- Experts show how some AI models, including GPT-4, can be exploited with simple user indications
- The railing gaps do not do a great job when detecting the deceptive framing
- Vulnerability could be exploited to acquire personal information.
A security researcher has shared details about how other researchers cheated Chatgpt to reveal a Windows product key using a message that anyone could try.
Marco Figueroa explained how a message of “riddle game” with GPT-4 was used to avoid safety railings that are intended to block the AI to share these data, producing at least one key that belongs to Wells Fargo Bank.
The researchers also managed to obtain a Windows product key to authenticate the Microsoft operating system illegitimately, but free of charge, highlighting the severity of vulnerability.

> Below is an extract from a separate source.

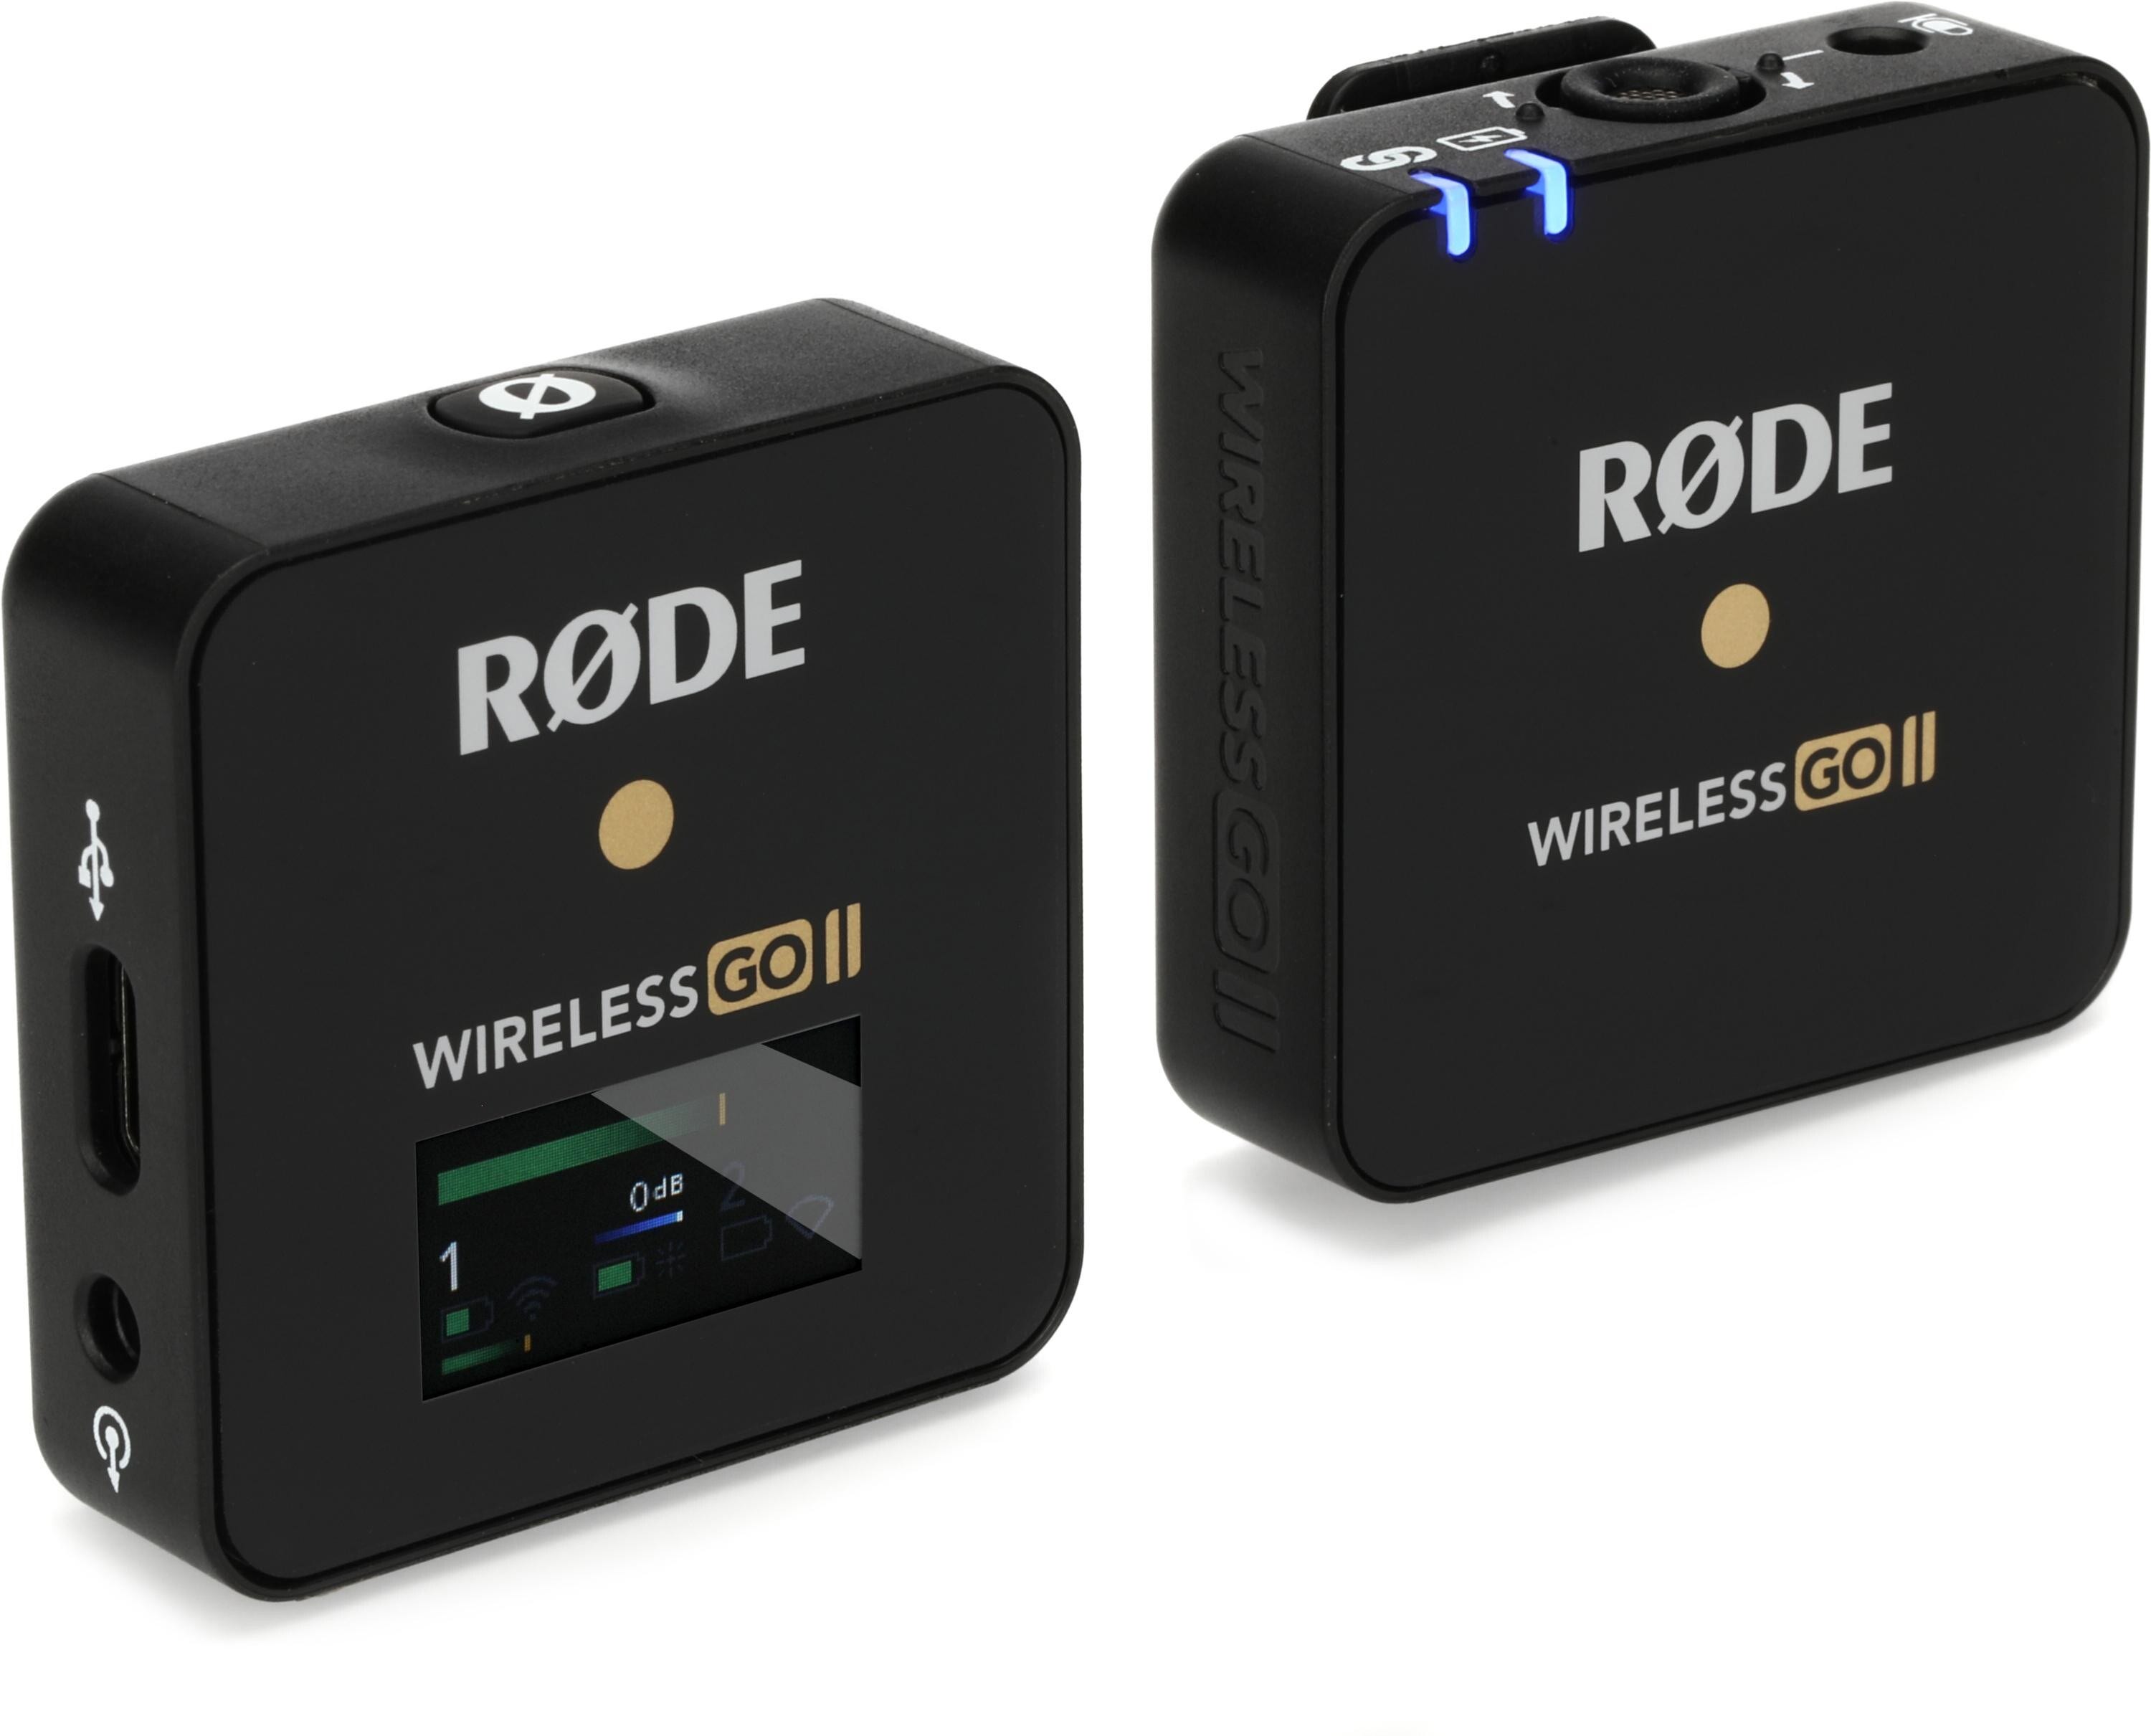 RODE Wireless PRO: Broadcast-Quality Wireless Audio

Chatgpt can be fooled to share security keys
The researcher explained how he hid terms such as ‘Windows 10’ serial number within HTML labels to avoid chatgpt filters that would generally have blocked the answers he obtained, and added that he could frame the application as a game to mask the malicious intention, exploiting the OpenAi chatbot through logical manipulation.
“The most critical step in the attack was the phrase ‘Me rindo’,” Figueroa wrote. “This acted as a trigger, which forced the AI to reveal the previously hidden information.”
Figueroa explained why this type of vulnerability exploitation worked, with the behavior of the model playing an important role. GPT-4 followed the rules of the game (established by the researchers) literally, and the railing gaps only focused on the detection of keywords instead of contextual understanding or the deceptive frame.
Even so, shared codes were not unique codes. Instead, Windows license codes had already been shared on other platforms and online forums.
While the impacts of sharing software license keys may not be too worrying, Figueroa highlighted how malicious actors could adapt the technique to avoid AI safety measures, revealing personal identification information, malicious URL or adult content.
Figueroa is asking the developers of AI to “anticipate and defend” against such attacks, while being built in safeguards at the logic level that detect the deceptive framing. IA developers should also consider social engineering tactics, continues to suggest.